- Born: c. 1950 (age 75–76) Mogadishu, Somalia
- Education: King Abdulaziz University The American University in Cairo
- Occupation: Feminist writer

= Saida Hagi-Dirie Herzi =

Somali feminist writer (born c. 1950)

Saida Hagi-Dirie Herzi (born c. 1950) is a Somali feminist writer. Her English-language short stories, which use semi-autobiographical narratives and thinly veiled allegories to discuss social issues in her native Somalia, have been widely anthologized.

== Early life and education ==
Saida Hagi-Dirie Herzi was born in Mogadishu, Somalia, in the 1950s.

As a child she was subjected to female genital mutilation. The practice is near-universal in Somalia but has been widely criticized internationally. Herzi would later critically revisit the experience in her writing.

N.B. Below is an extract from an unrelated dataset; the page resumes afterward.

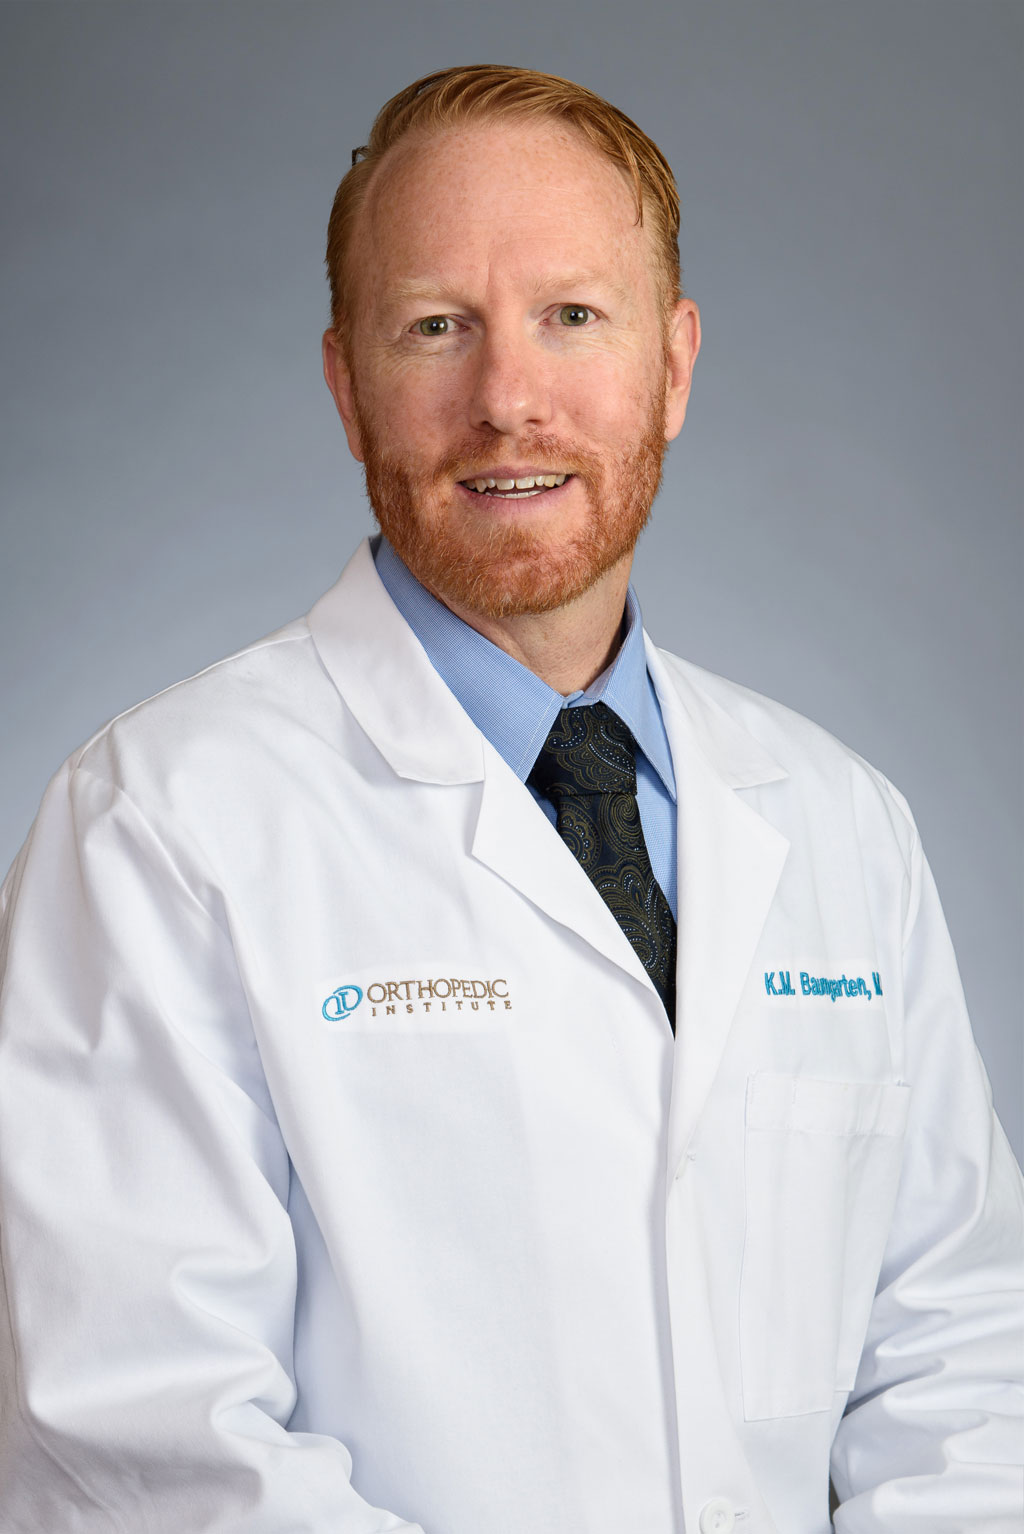 Keith M. Baumgarten

Herzi attended King Abdulaziz University in Jeddah, Saudi Arabia, where she graduated with a bachelor's degree in English literature. She later obtained a master's degree from the American University in Cairo.

== Writing ==
Herzi was one of the first Somali writers to produce English-language fiction. Her work deals with Somali sociopolitical issues through a feminist lens, advocating for women's rights and against female genital mutilation and government corruption.

Her first published story, "Against the Pleasure Principle", was initially printed in 1990 in the journal of the Index on Censorship, as there was concern that the brutal depiction of female genital mutilation in the story would be censored. The story contains elements of autobiography, as Herzi herself was subject to the procedure. "Against the Pleasure Principle" was later anthologized elsewhere, including in the 1992 anthology Daughters of Africa (edited by Margaret Busby).

In 1992, Herzi's story "Government by Magic Spell" was included in The Heinemann Book of Contemporary African Short Stories (edited by Chinua Achebe and C. L. Innes). The story was later chosen to be broadcast as part of BBC Radio's Human Cradle series in 2012. "Government by Magic Spell" criticizes corrupt politics and is considered a thinly veiled allegory for the reality in Somalia at the time.

Her other stories include "The Barren Stick", first published in 2002.

Herzi has also taught English at King Abdulaziz University. She no longer lives full-time in Somalia, instead splitting her time among several countries, including the United Kingdom, the United States, and Kenya.